Artık otomotivde varsayılan bir tek gerçeklik var: Bugünkü anlamıyla bir otomobili tasarlamak, üretmek ve dağıtmak süreçlerinin toplam maliyeti, biz tüketicilerin aynı otomobile sahip olmak için ödemeyi uygun gördüğümüz fiyattan daha yüksek.
Yani otomotivin iş modeli kökünden sarsılmış durumda: Ürünün maliyeti, piyasada oluşan fiyattan fazla. Bir diğer deyişle ürün fiyatını haketmiyor.
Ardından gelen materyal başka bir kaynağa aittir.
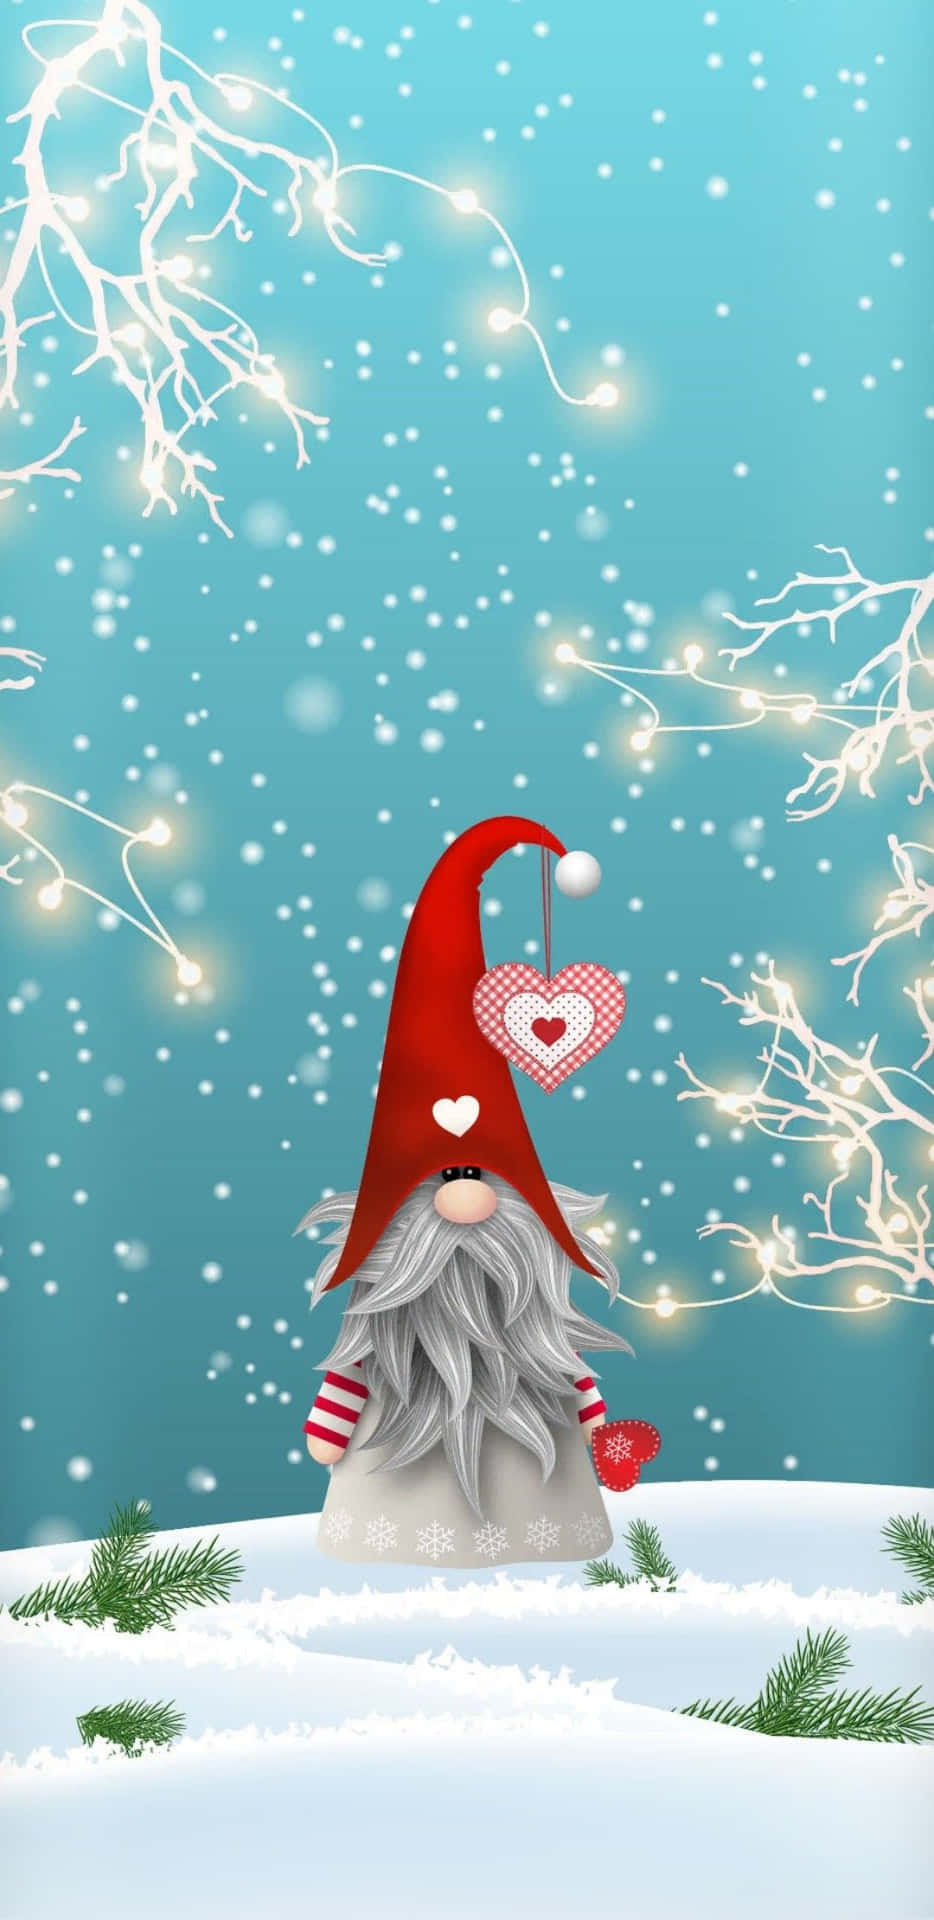 Joyful Christmas gnome sitting in the snow Wallpaper

Geçen Şubat ayında bugün için dünyanın otomotiv konusunda lideri sayılan Toyota’nın 84 yaşındaki yönetim kurulu başkanı Soichiro Toyoda, şirketin 400 yöneticisini toplayarak özel bir toplantı yaptı. Toplantının ana gündemi şirket başkanı Watanabe’nin yerine Toyoda’nın oğlu Akio Toyoda’nın geçeceğini açıklamaktı. Dünyanın lider otomotiv üreticisinin en tepesindeki baba Toyoda yöneticilerine şu mesajı verdi: “Nasıl oldu da GM’in peşinden giderek aynı hataları yapma gafletinde bulunduğumuzu anlamıyorum!.. Toyota’nın ana fikrinden uzaklaşıp Amerikan pazarının klişelerine odaklandık, rakiplerimiz gibi büyük kamyonetler ve pahalı otomobiller yapmaya, bunları satarak pazar payımızı artırma telaşına düştük… Bu kadar büyük bir hata kaç kere tekrarlanabilir?”
Baba Toyoda, şu an Toyota’nın başkanı olan ve diğer yöneticiler gibi konuşmayı sessizce dinleyen Katsuaki Watanebe’yi direkt olarak suçlamasa da son yıllarda atılan adımlardan rahatsız olduğunu ifade etti. Başkanlık görevini oğul Toyoda’ya verirken en önemli ödevini de açıkladı: Toyota’yı şimdi batmış ya da batmakta olan rakiplerini izlemekten çıkarıp en iyi yaptığı işe, sade, gösterişsiz ama dayanıklı, kaliteli ve makul fiyatlı ürünler üretmeye geri döndürmek. Pazarın lideri hatta verimlilik konusunda bir ikon haline gelen Toyota bile kendini böyle eleştirdiğine göre otomotivde yanlış giden birşeyler olmalı.
Ezber Bitti!..
Geçtiğimiz ay iflasını açıklayan General Motors ilgili mahkemelere 172.8 milyar dolar borcu olduğunu beyan ederek alacaklılarına karşı iflas koruması istedi. GM ölçeğinde bir şirketin alacak/borç durumu oldukça karışık ve bu rakamın içeriği hakkında yorum yapmak zor. Ancak kesin olan bir şey varsa o da bu dev borcu GM’in kurduğu sistemin bütününün üretmiş olduğu gerçeği.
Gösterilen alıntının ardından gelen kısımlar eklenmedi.